I’m running into the following error (with anomaly detection on):
UserWarning: Anomaly Detection has been enabled. This mode will increase the runtime and should only be enabled for debugging.
with torch.autograd.detect_anomaly():
/opt/anaconda3/envs/opig/lib/python3.8/site-packages/torch/autograd/__init__.py:200: UserWarning: Error detected in AddmmBackward0. Traceback of forward call that caused the error:
File "<string>", line 1, in <module>
File "/opt/anaconda3/envs/opig/lib/python3.8/multiprocessing/spawn.py", line 116, in spawn_main
exitcode = _main(fd, parent_sentinel)
File "/opt/anaconda3/envs/opig/lib/python3.8/multiprocessing/spawn.py", line 129, in _main
return self._bootstrap(parent_sentinel)
File "/opt/anaconda3/envs/opig/lib/python3.8/multiprocessing/process.py", line 315, in _bootstrap
self.run()
File "/opt/anaconda3/envs/opig/lib/python3.8/multiprocessing/process.py", line 108, in run
self._target(*self._args, **self._kwargs)

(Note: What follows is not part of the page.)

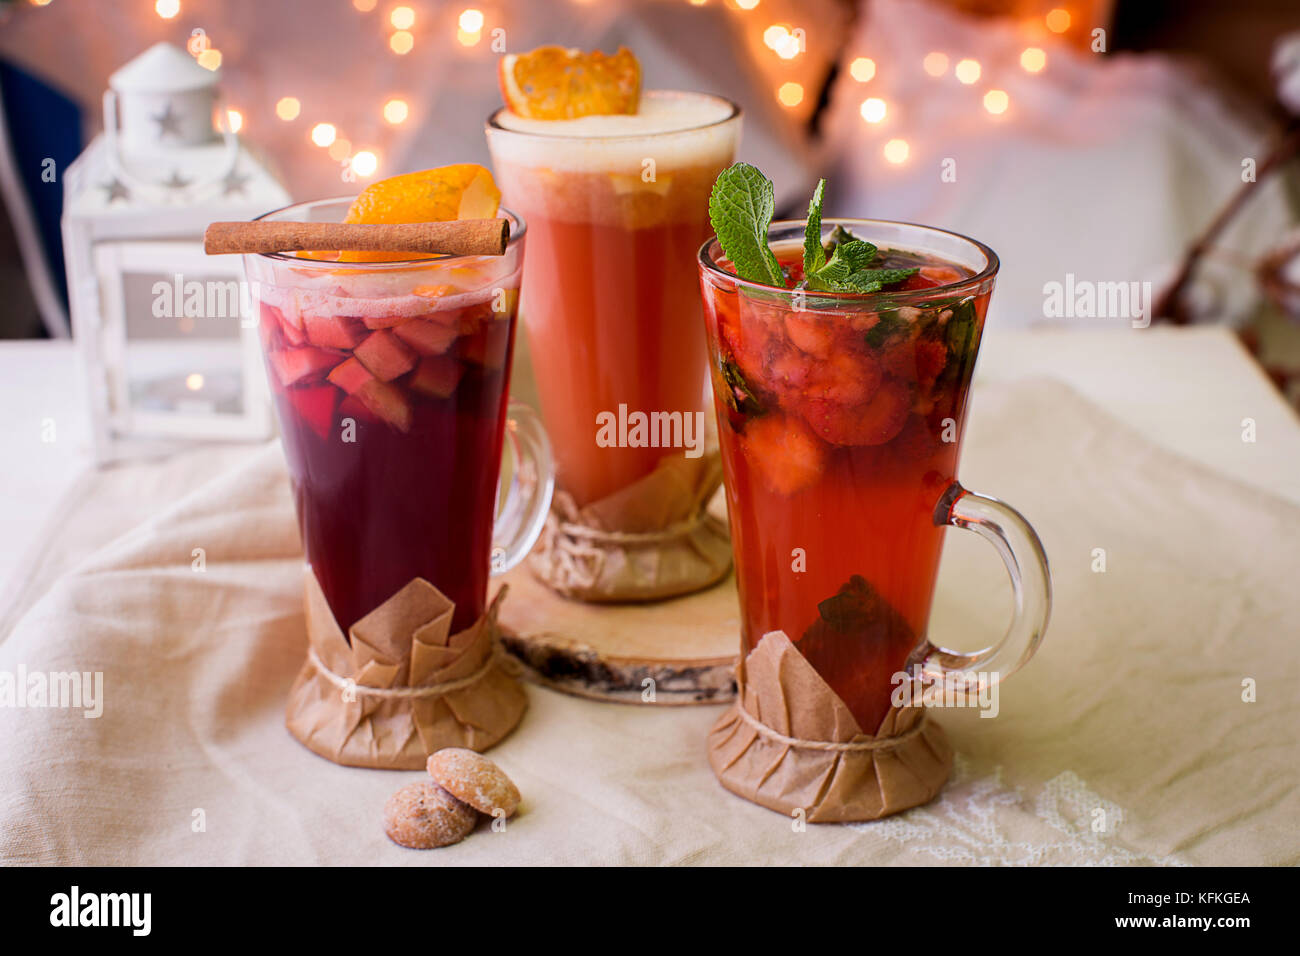 Delicious sweet drinks for Christmas party Stock Photo

File "/Users/apunt/repos/lhasa/FLuID_POC/attempt4.py", line 167, in train_and_evaluate_self_learning
logits, loss = ff_nn(tensor_X, tensor_Y)
File "/opt/anaconda3/envs/opig/lib/python3.8/site-packages/torch/nn/modules/module.py", line 1501, in _call_impl
return forward_call(*args, **kwargs)
File "/Users/apunt/repos/lhasa/FLuID_POC/attempt4.py", line 35, in forward
out = self.fc2(out)
File "/opt/anaconda3/envs/opig/lib/python3.8/site-packages/torch/nn/modules/module.py", line 1501, in _call_impl
return forward_call(*args, **kwargs)
File "/opt/anaconda3/envs/opig/lib/python3.8/site-packages/torch/nn/modules/linear.py", line 114, in forward
return F.linear(input, self.weight, self.bias)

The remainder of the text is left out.